▸ **SUPPLIED DATA**
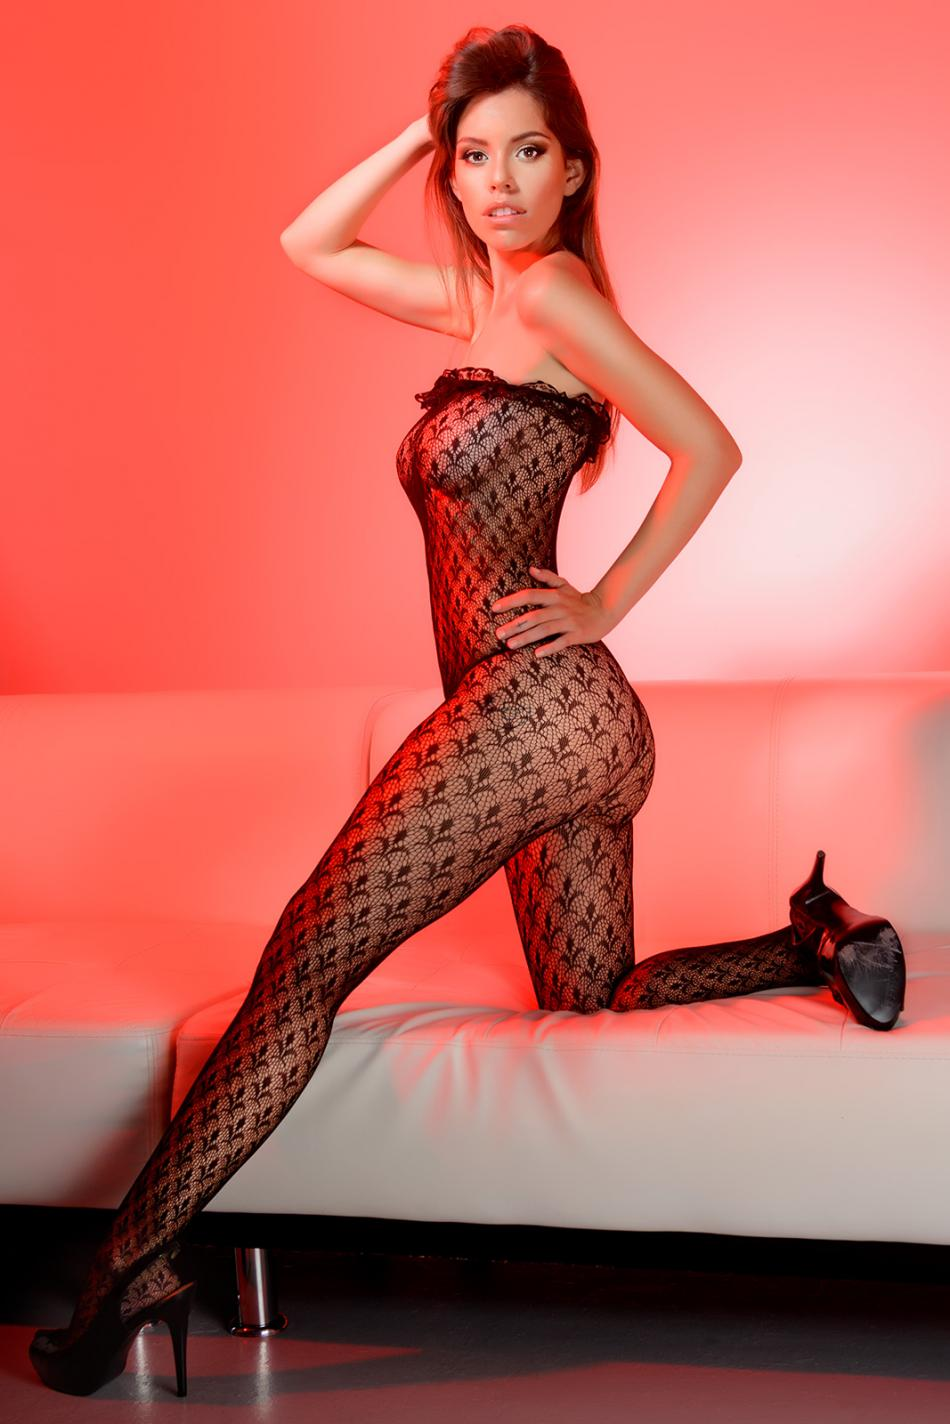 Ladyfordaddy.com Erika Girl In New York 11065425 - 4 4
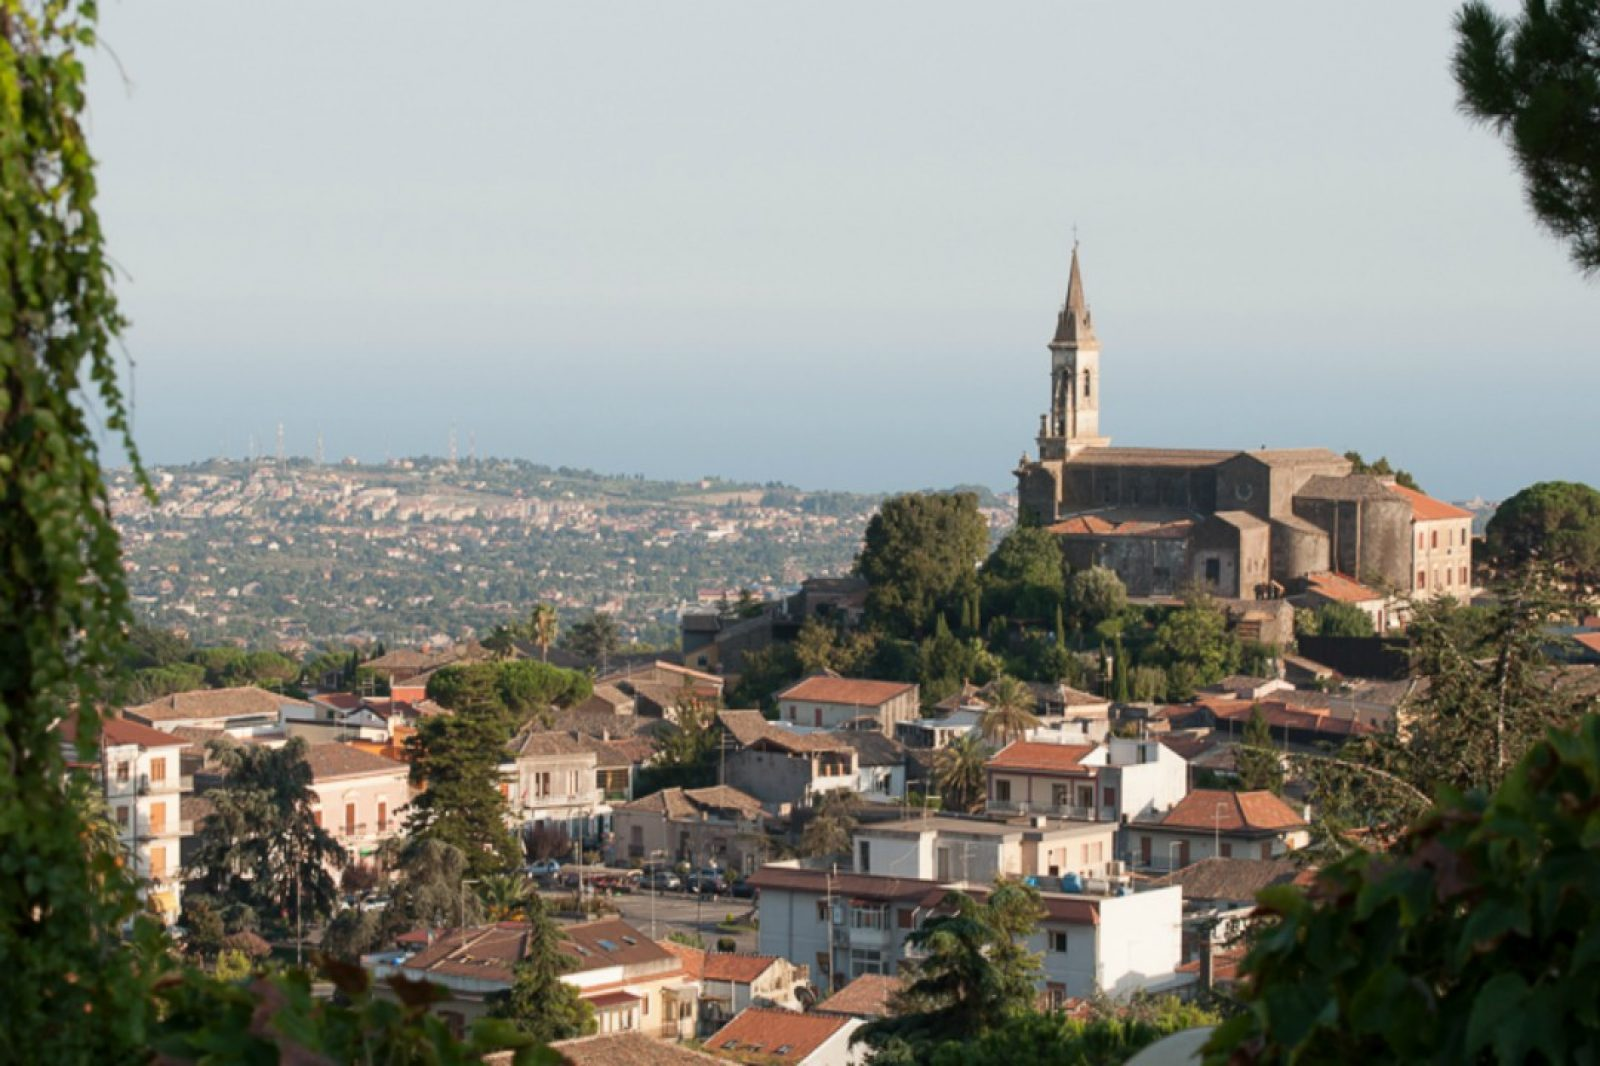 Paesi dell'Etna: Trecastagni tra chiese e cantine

==

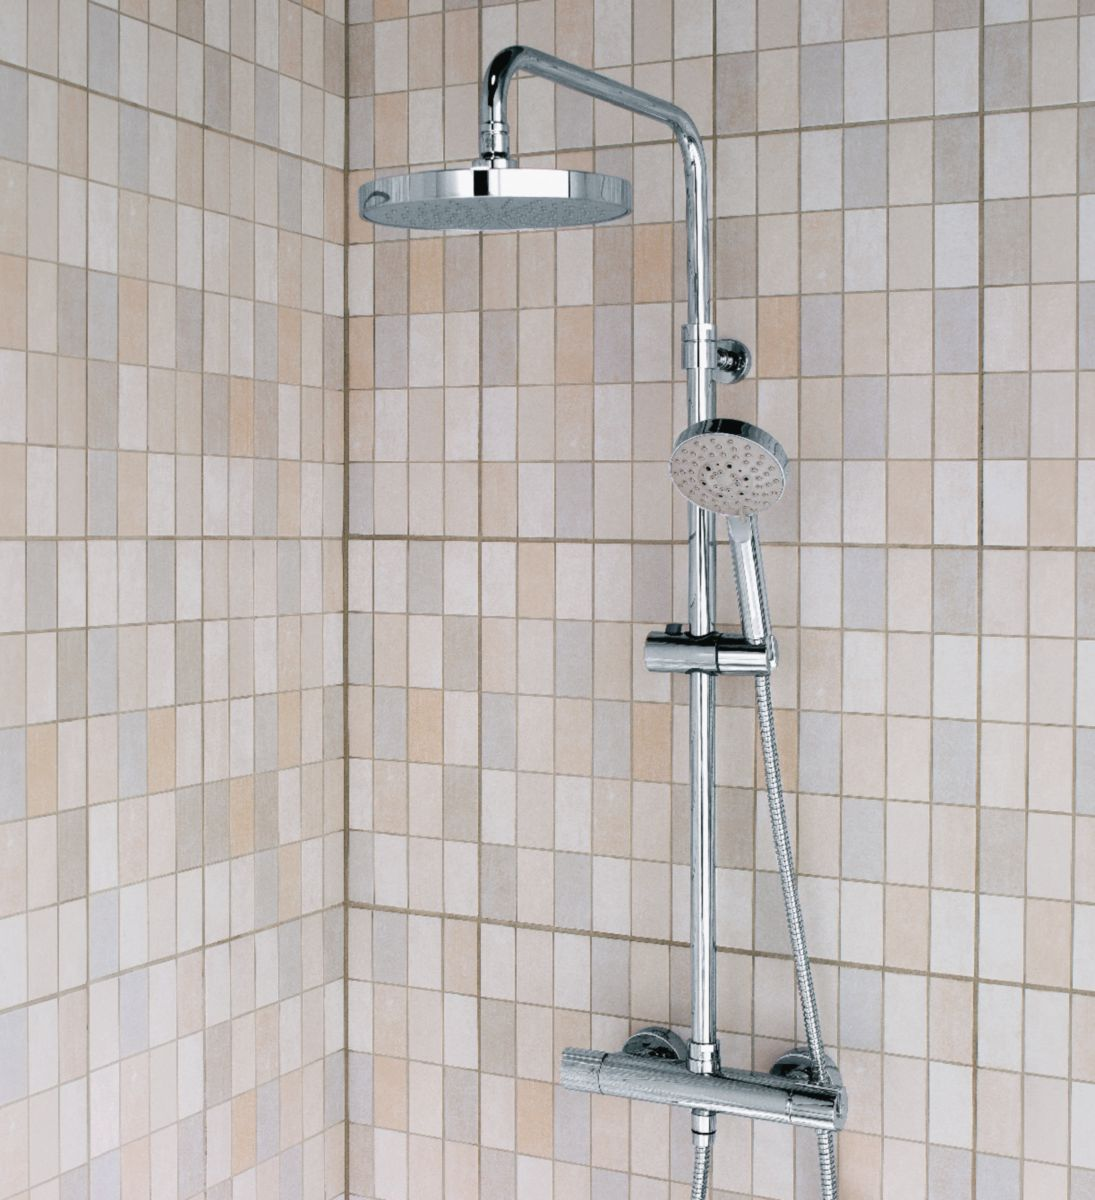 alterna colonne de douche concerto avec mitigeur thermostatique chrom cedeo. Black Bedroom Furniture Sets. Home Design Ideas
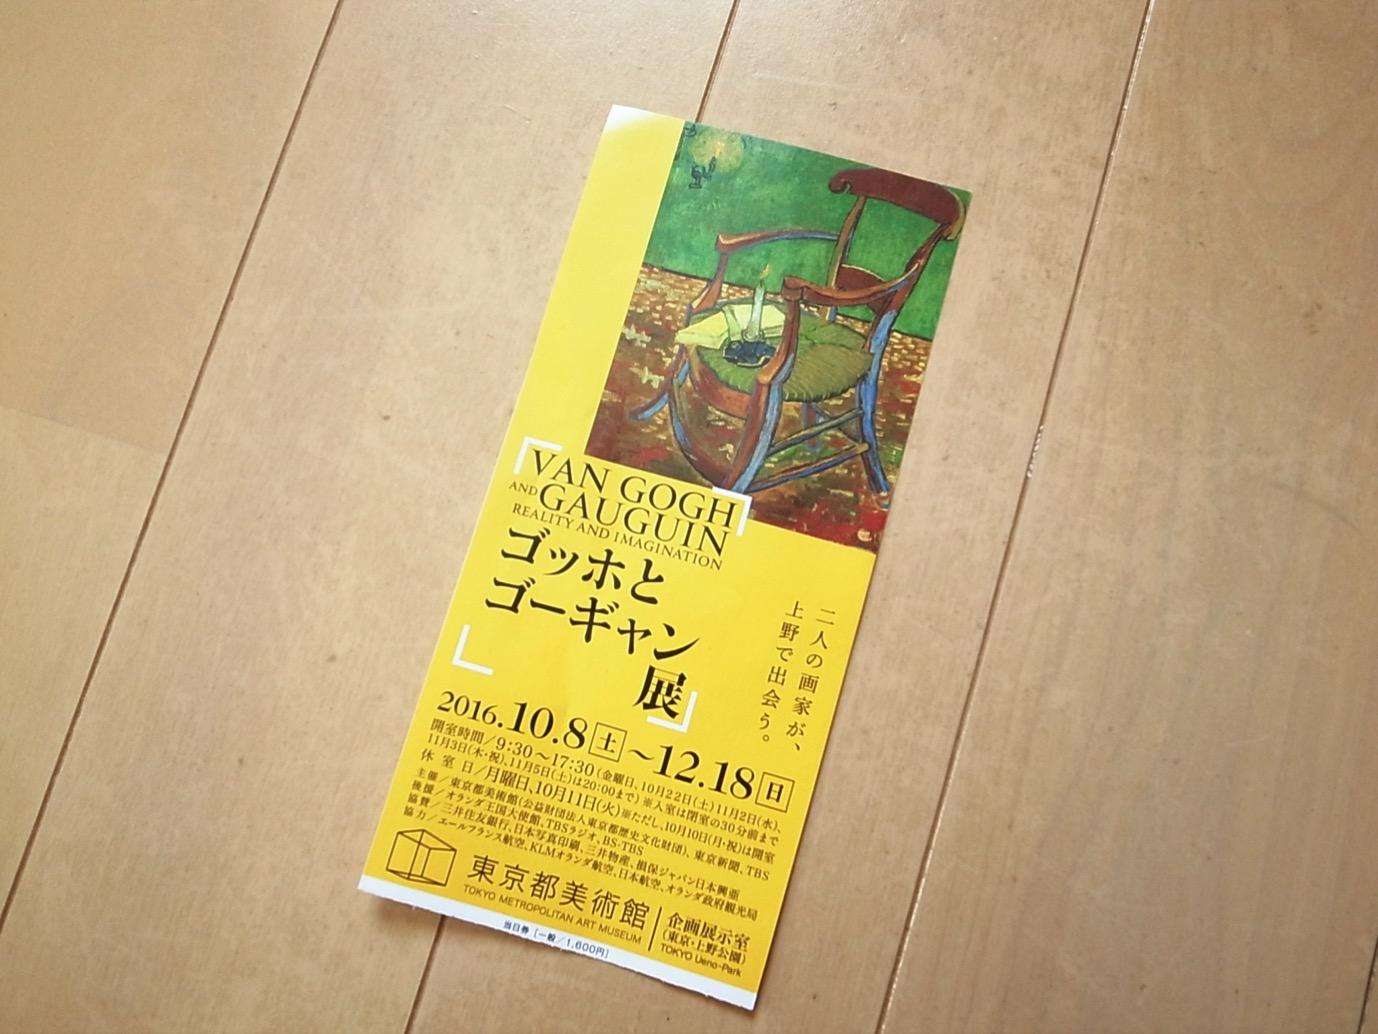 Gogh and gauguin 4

▸ **WORK REQUEST**
Within the listing above, the lines starting at the one containing "Ladyfordaddy.com Erika Girl" and ending at the one containing "Paesi dell'Etna: Trecastagni" are to be returned exactly. Omit the pictures.

▸ **RESULT OF THIS TASK**
 Ladyfordaddy.com Erika Girl In New York 11065425 - 4 4
 Paesi dell'Etna: Trecastagni tra chiese e cantine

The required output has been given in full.